* [Activity] Your answer should be the full data, transcribed exactly, with no pictures in it.

* [Information shown]
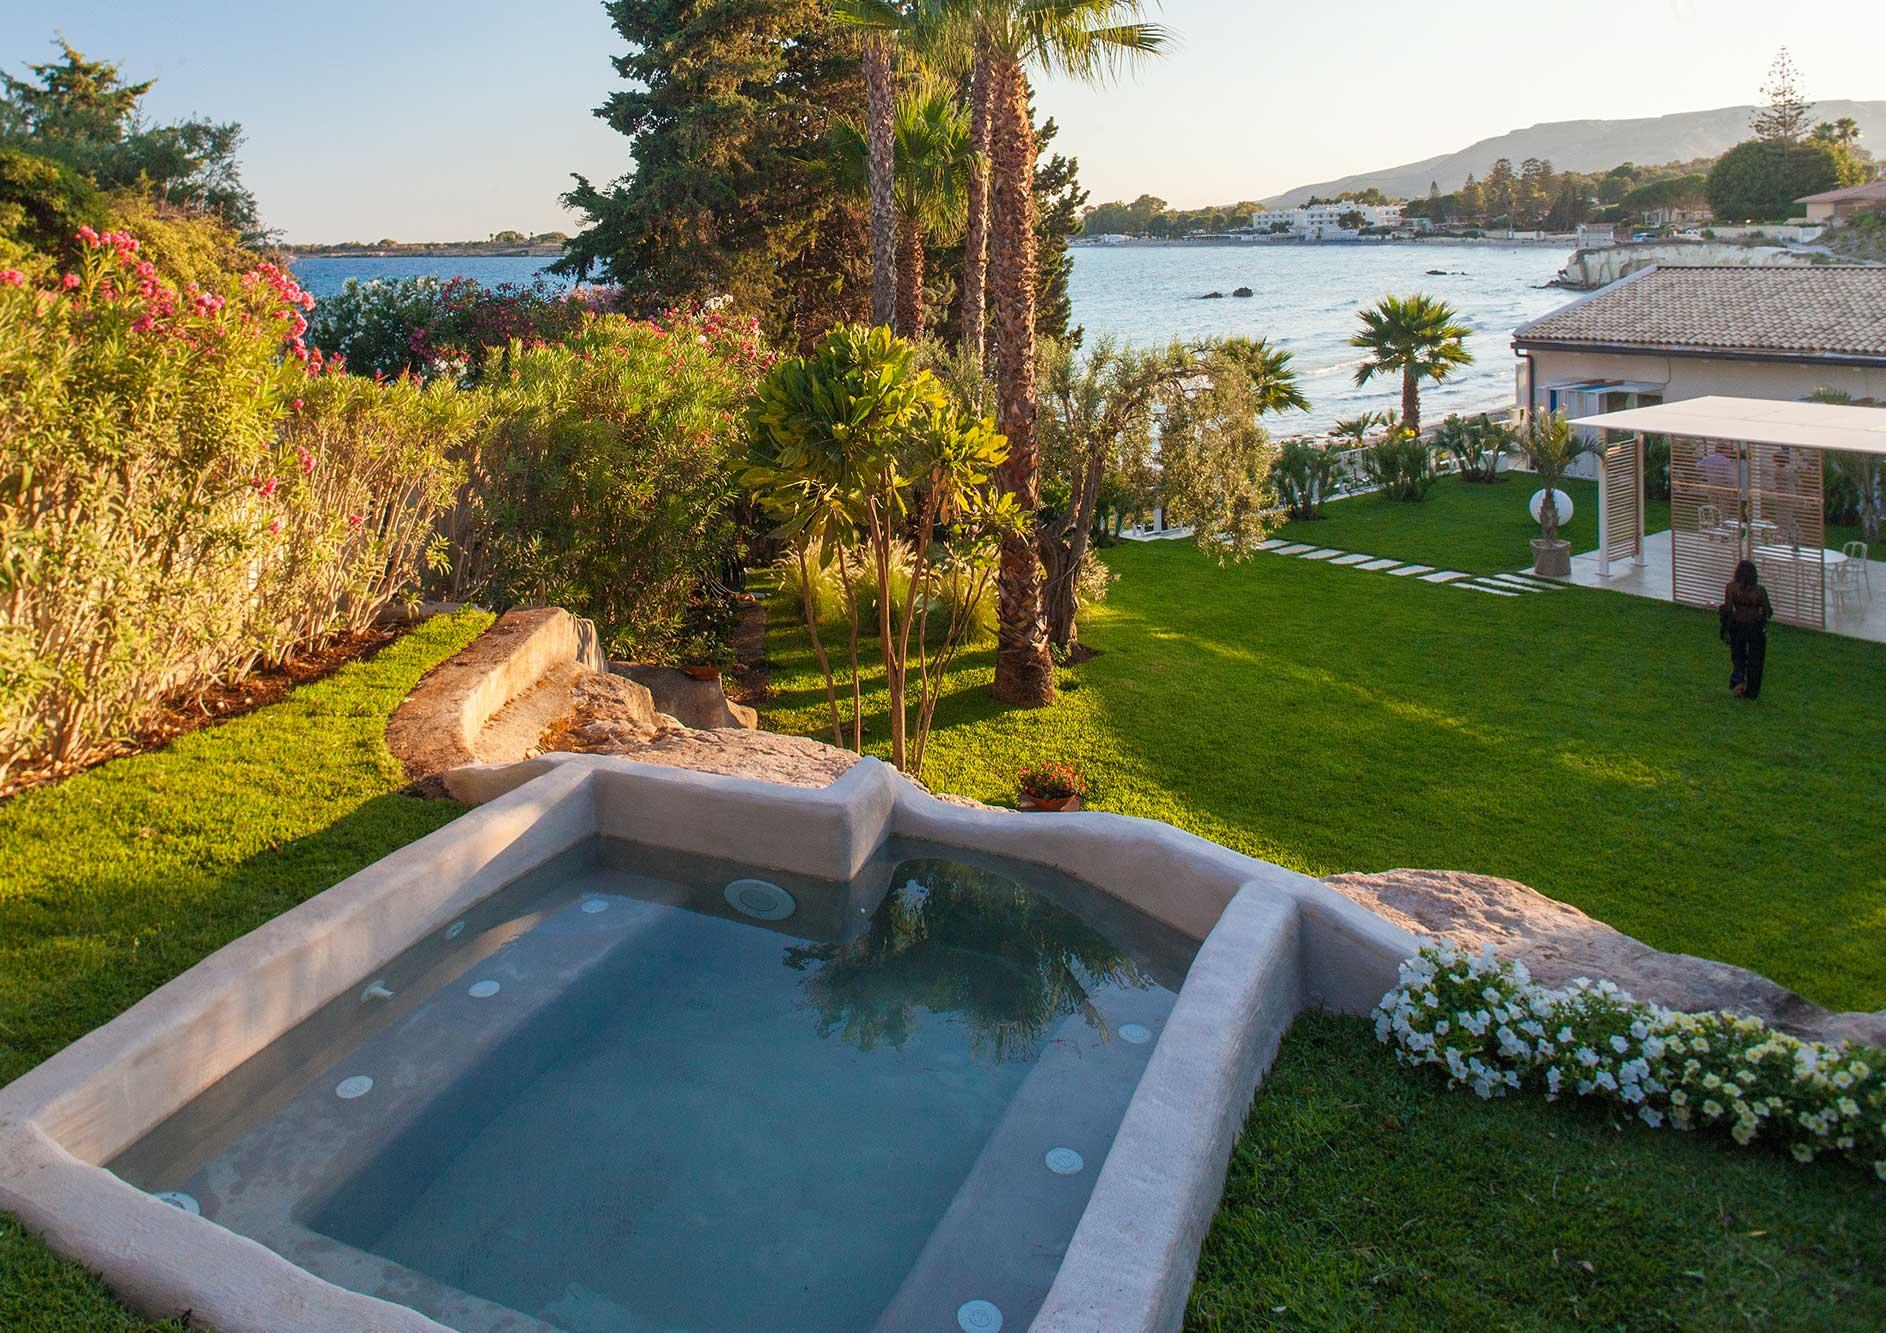 calapetra-resort-fontane-bianche-siracusa-24
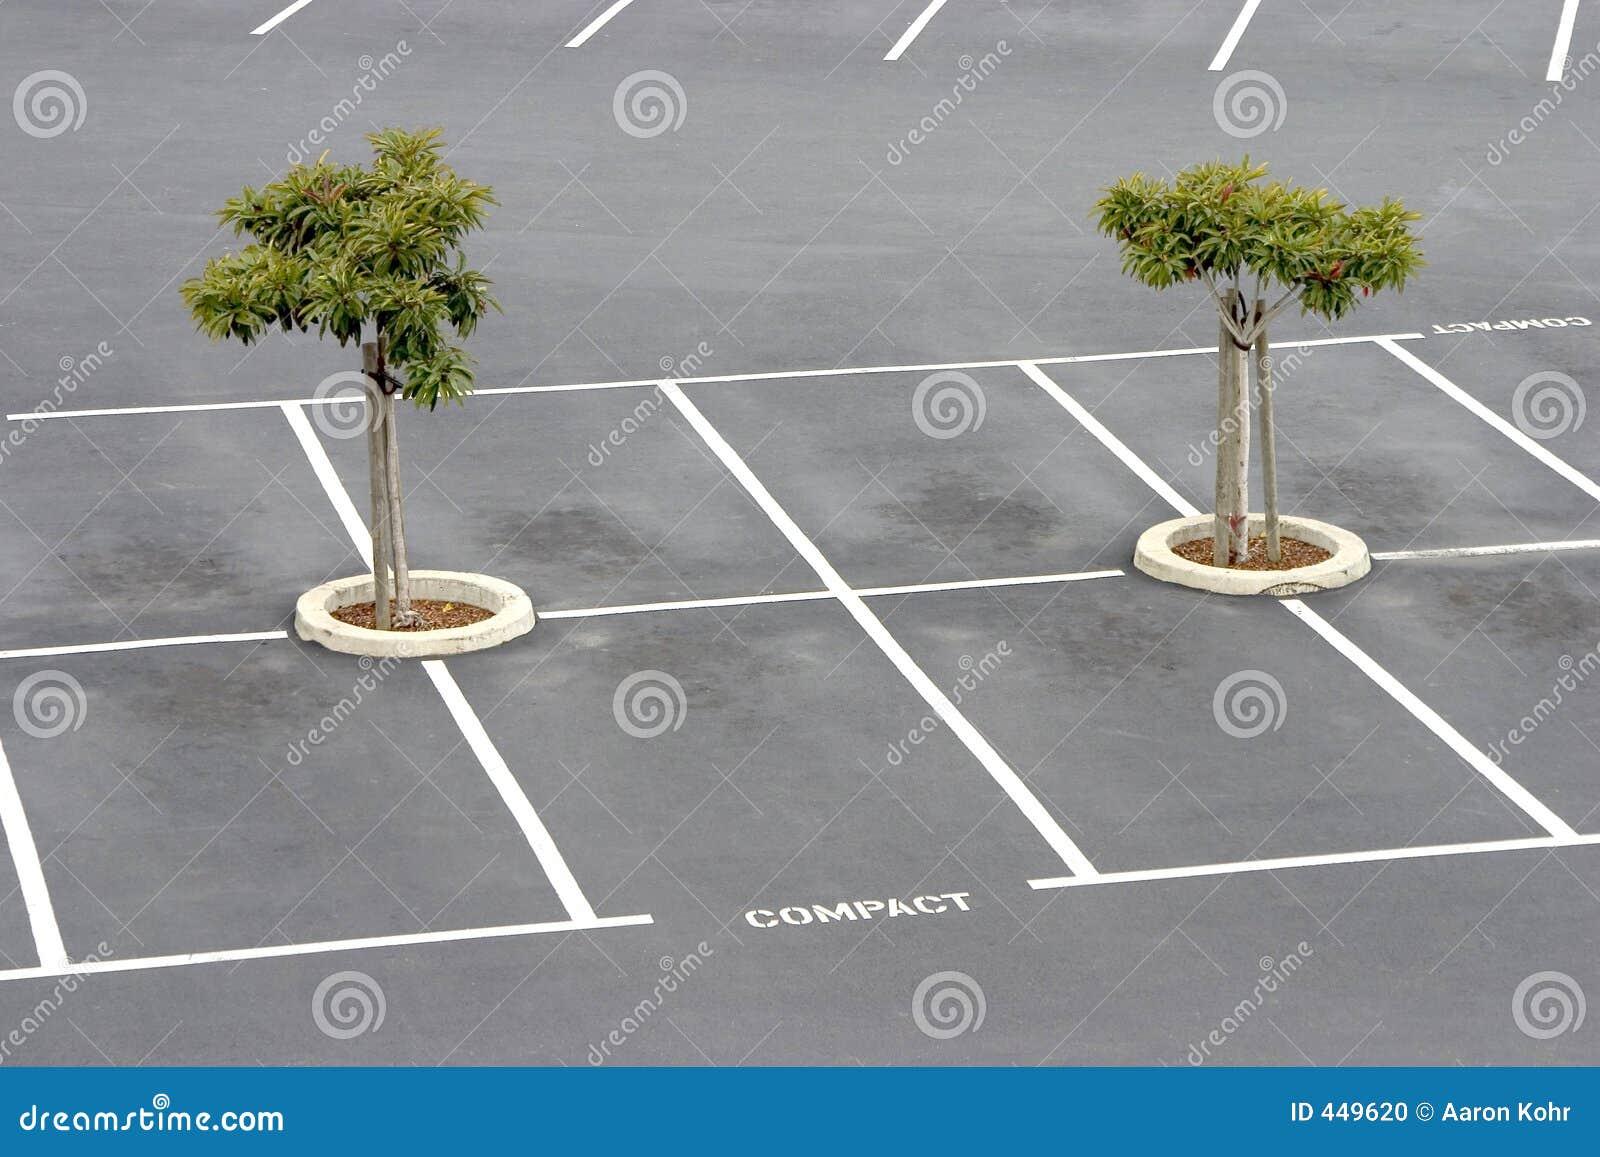 Pusty parking partii
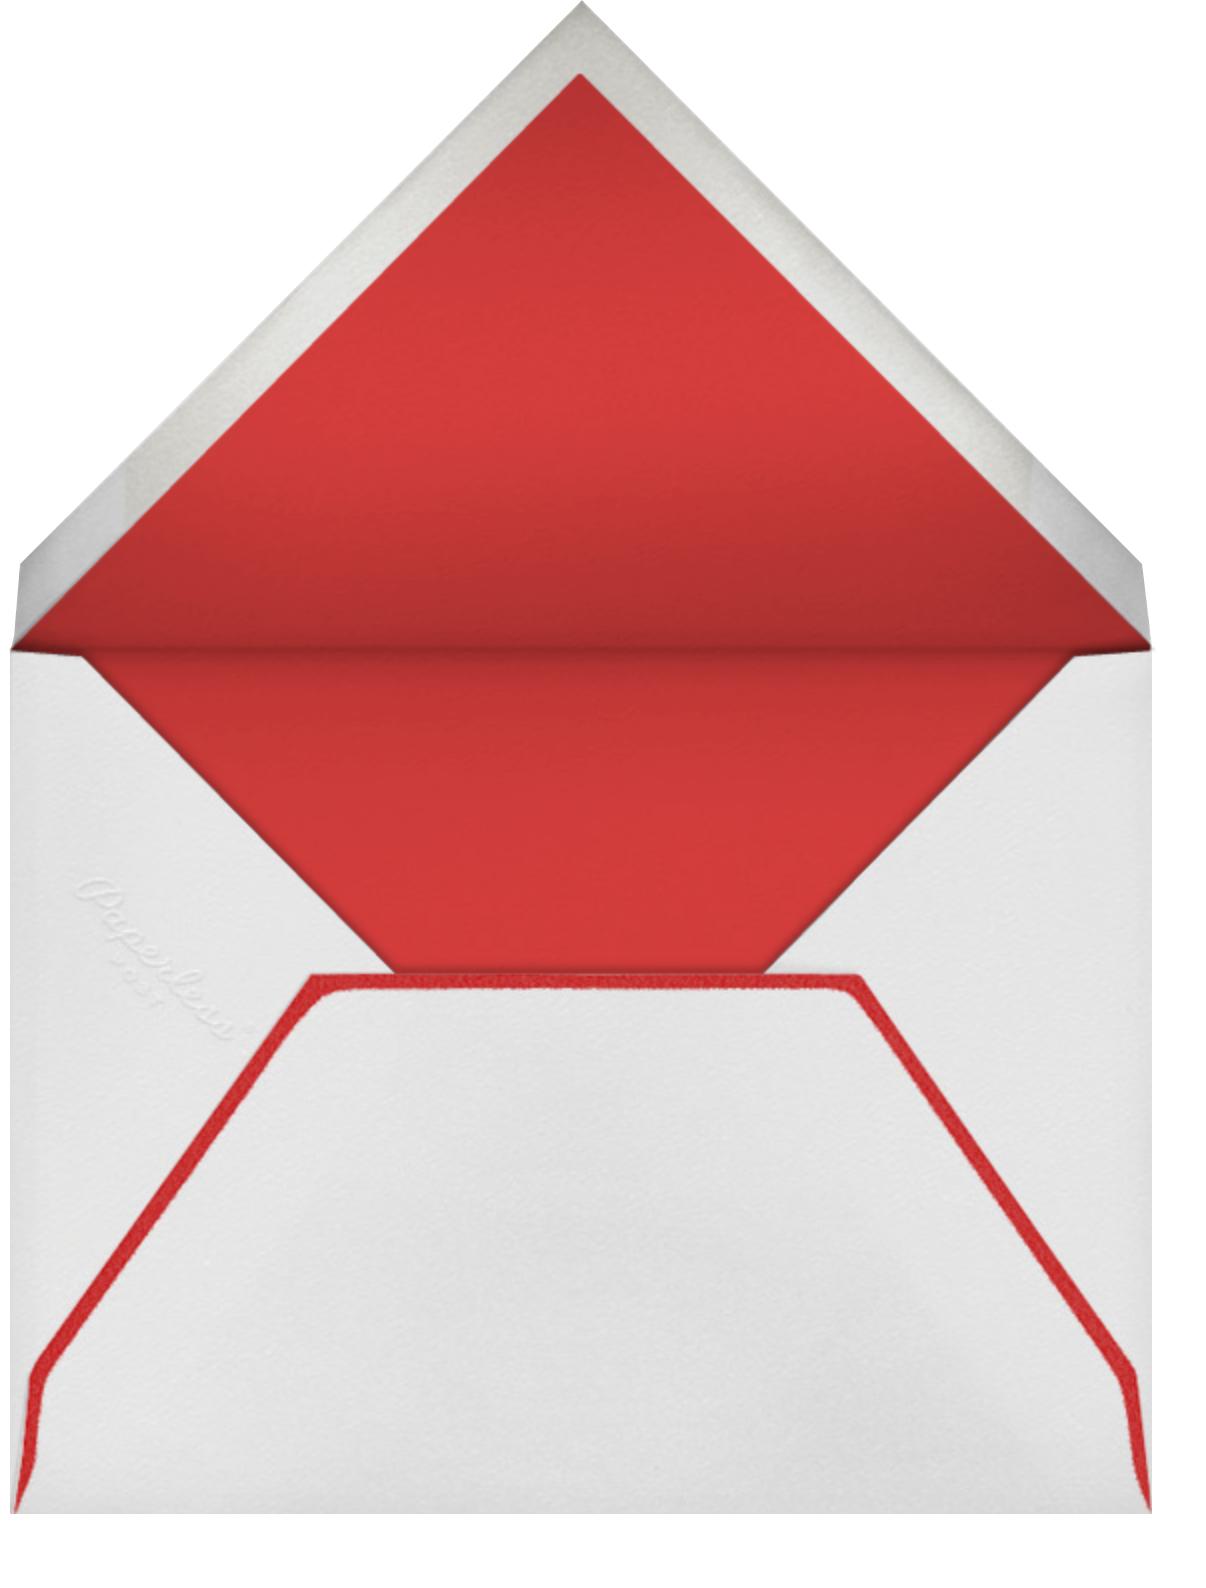 Mom and Me (Blanca Gomez) - Fair - Red Cap Cards - Envelope

* [Response]
 calapetra-resort-fontane-bianche-siracusa-24
 Pusty parking partii
 Mom and Me (Blanca Gomez) - Fair - Red Cap Cards - Envelope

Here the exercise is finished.